• Dataset content:

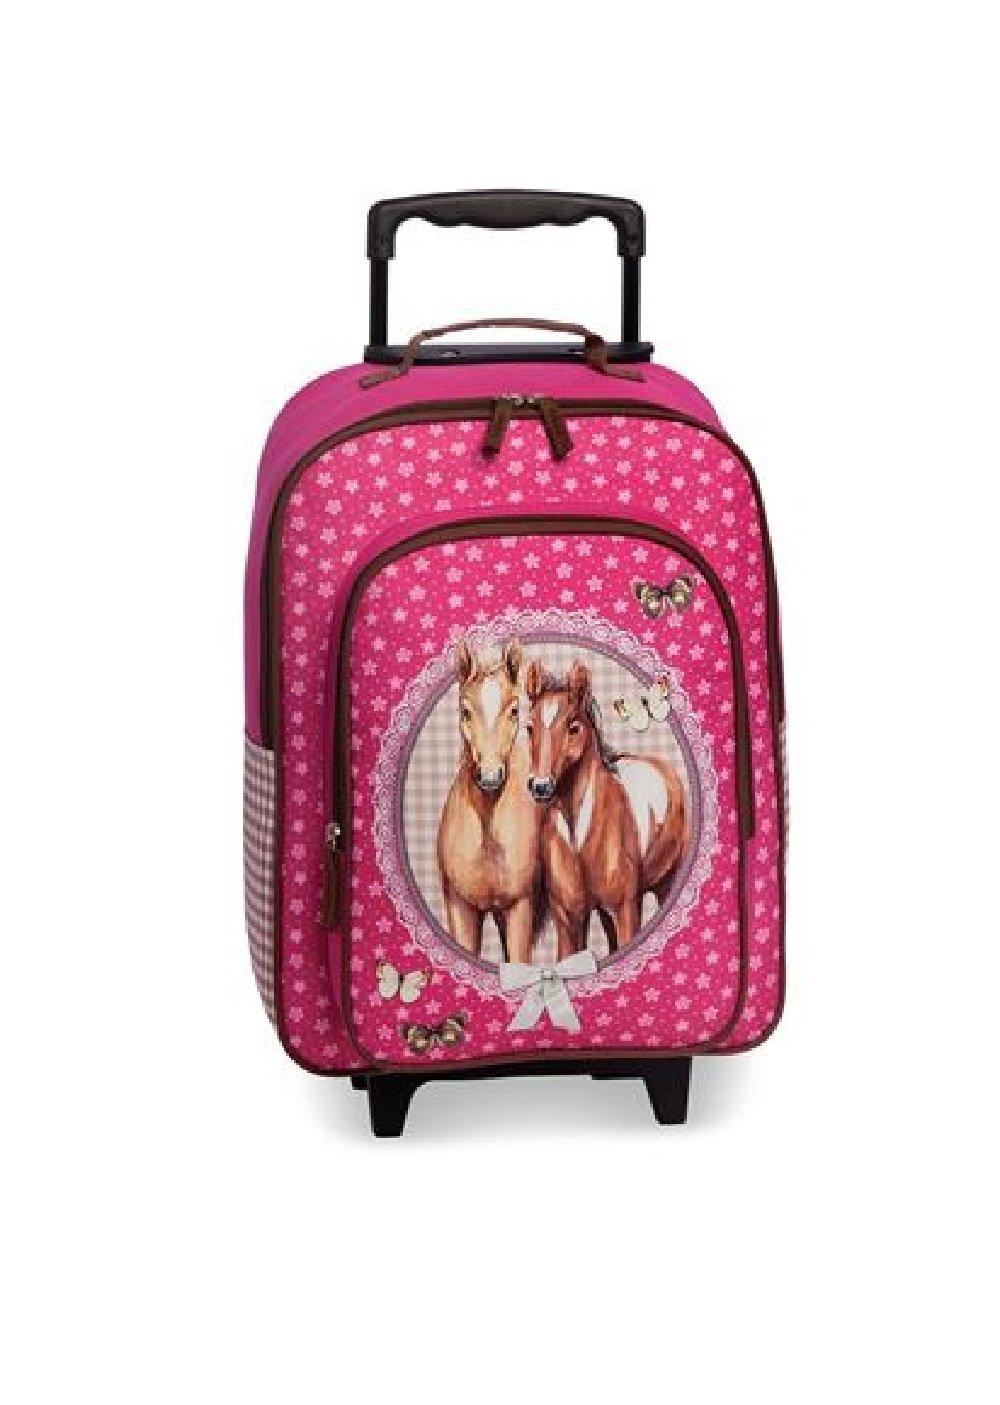 Koffertrolley Pferde rosa für Mädchen
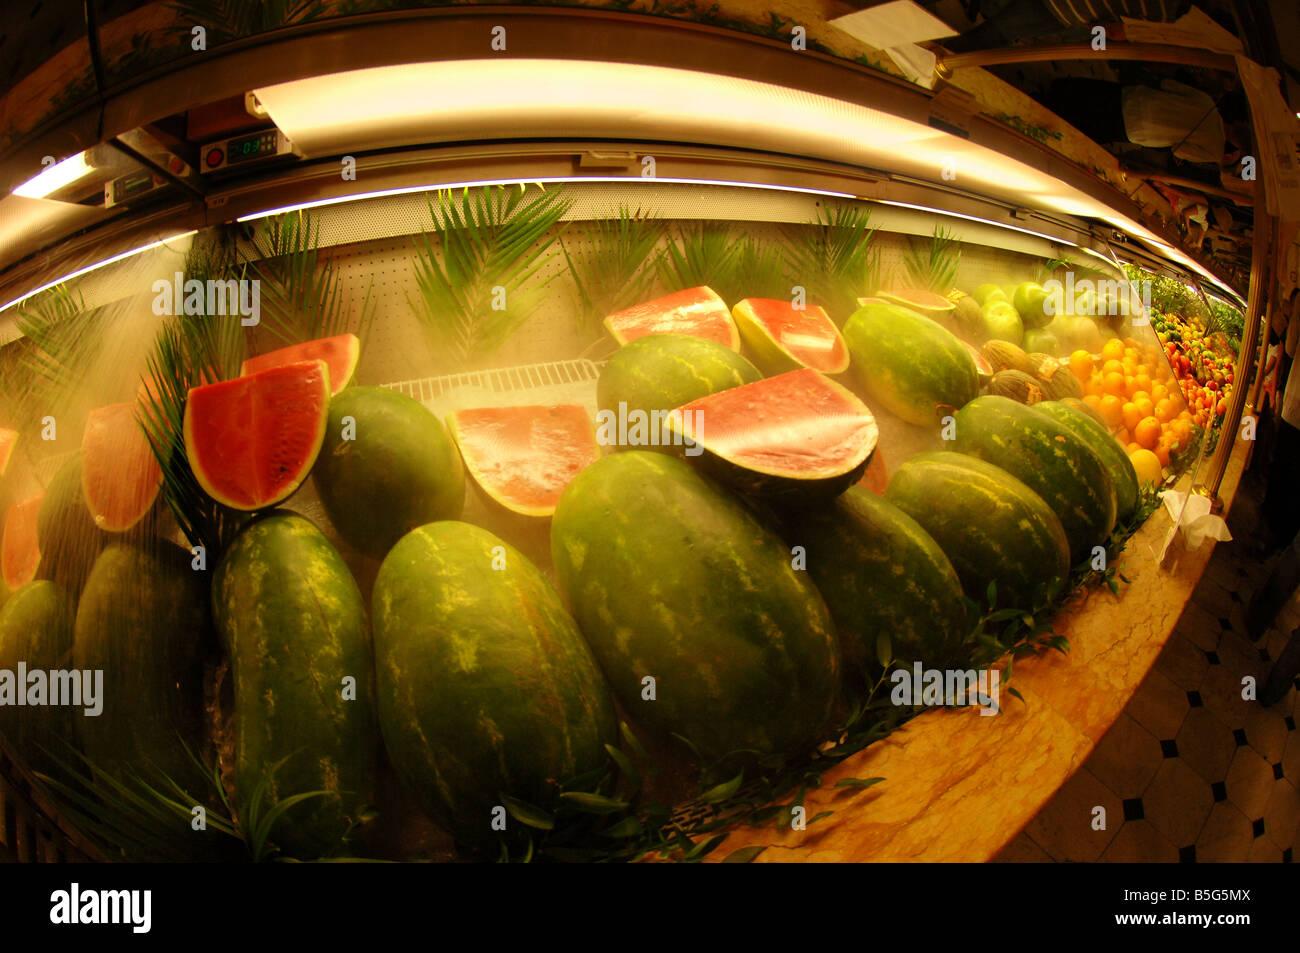 Harrod s Shopping Center London Groß Britannien 2008 Harrod s Shopping Center London Great Britain 2008 - Stock Image
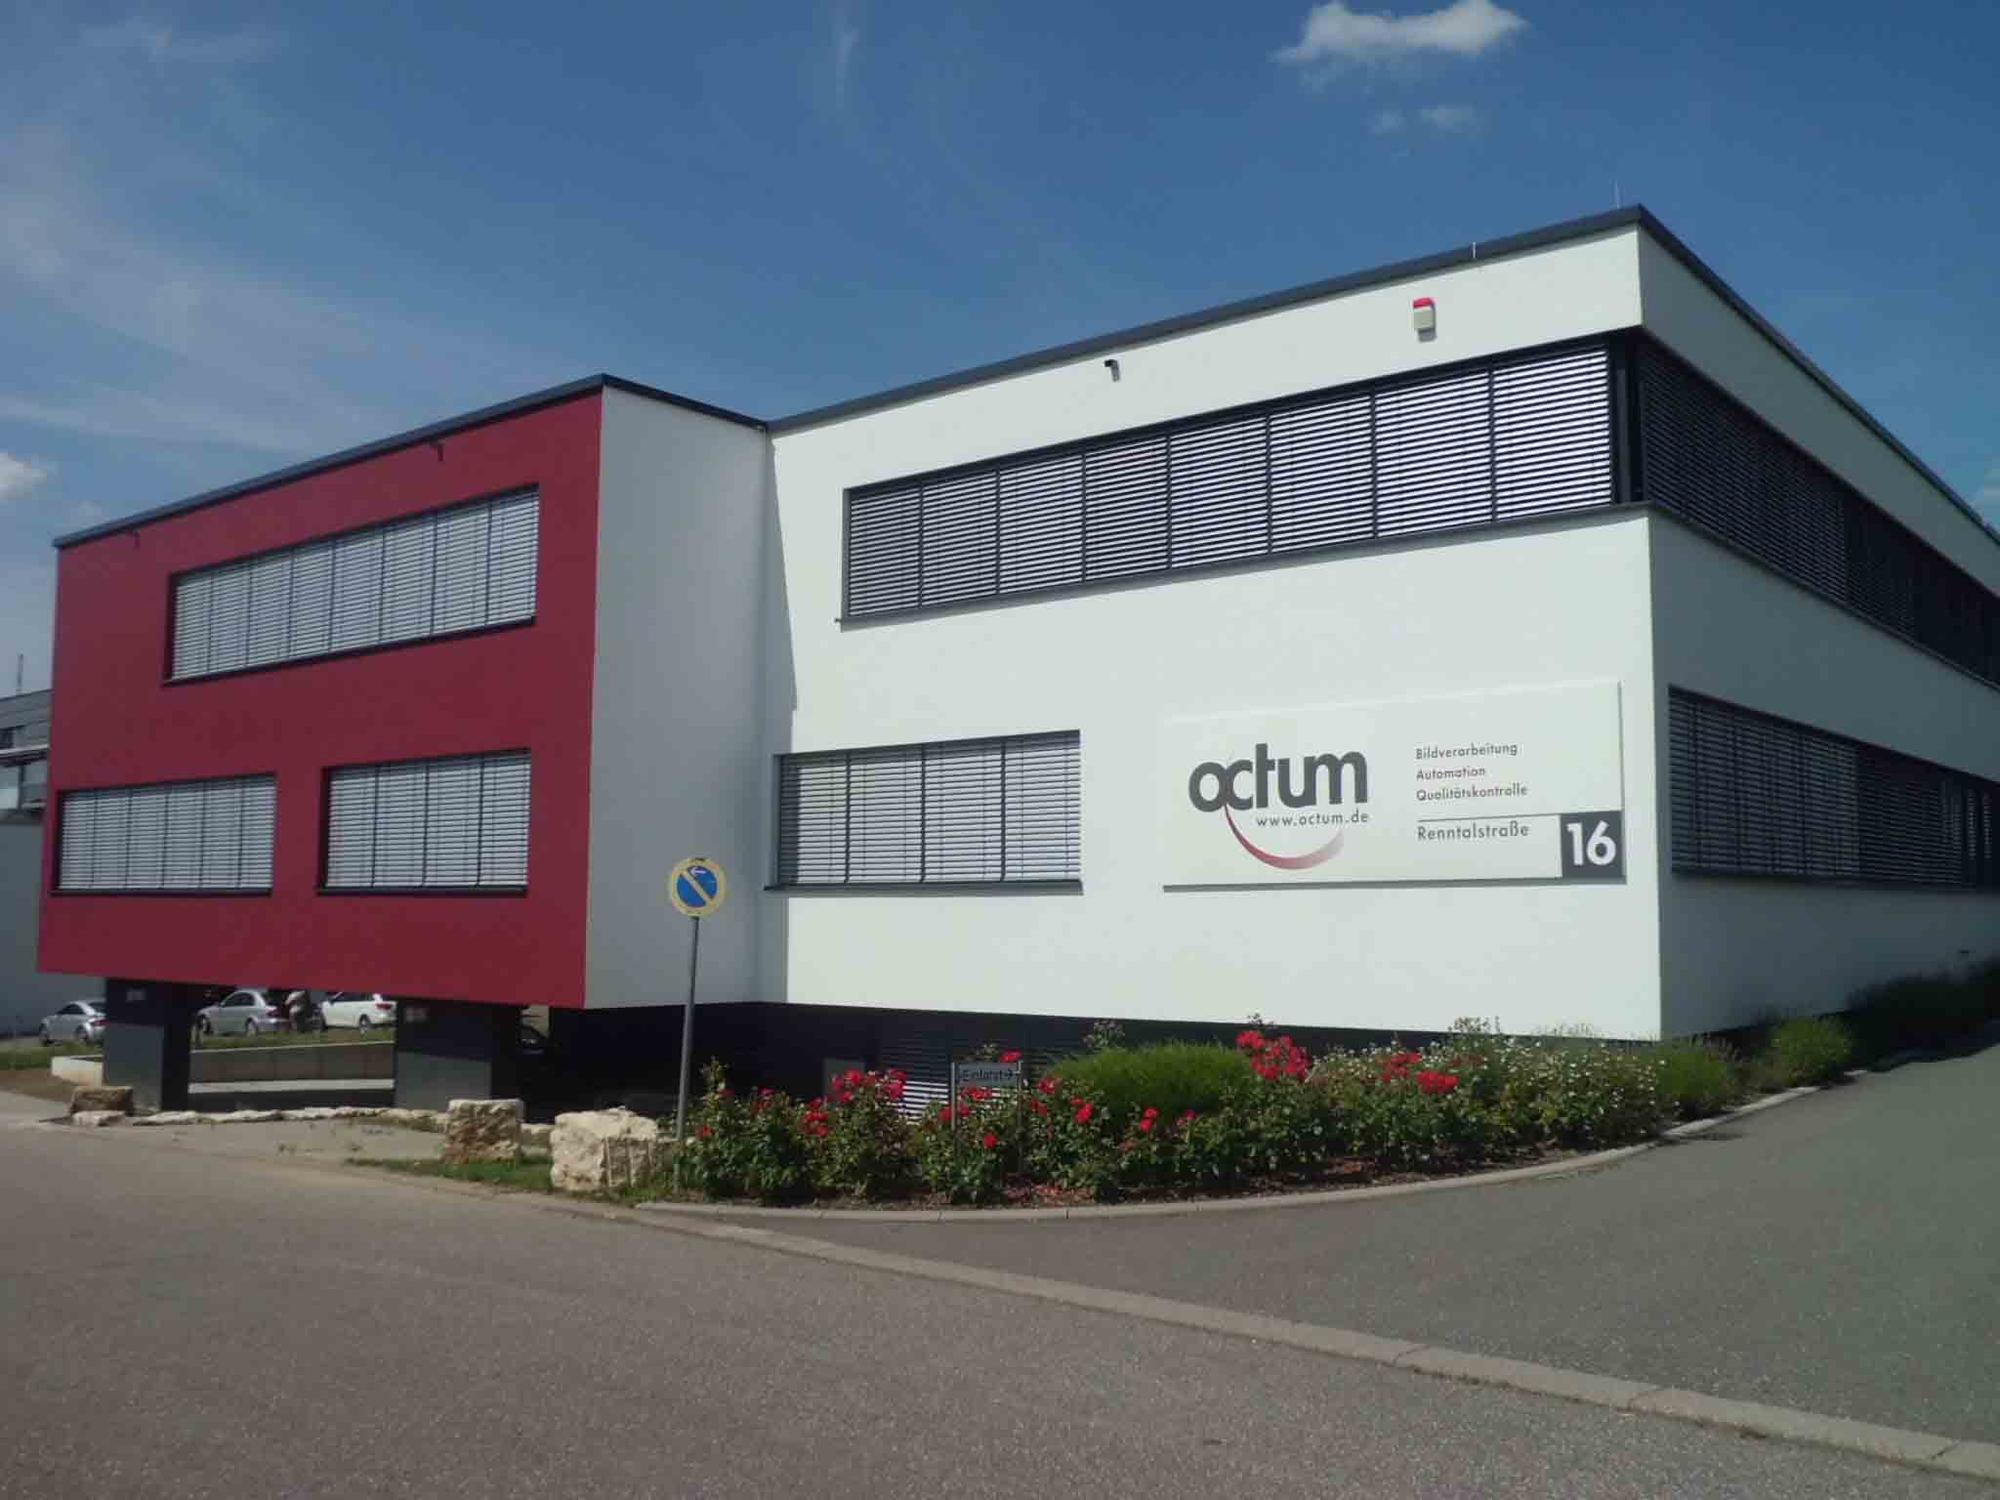 Octum company building

• Work request:
From the first line of the material to the last, retype everything exactly except the images.

• Written solution:
 Koffertrolley Pferde rosa für Mädchen
 Harrod s Shopping Center London Groß Britannien 2008 Harrod s Shopping Center London Great Britain 2008 - Stock Image
 Octum company building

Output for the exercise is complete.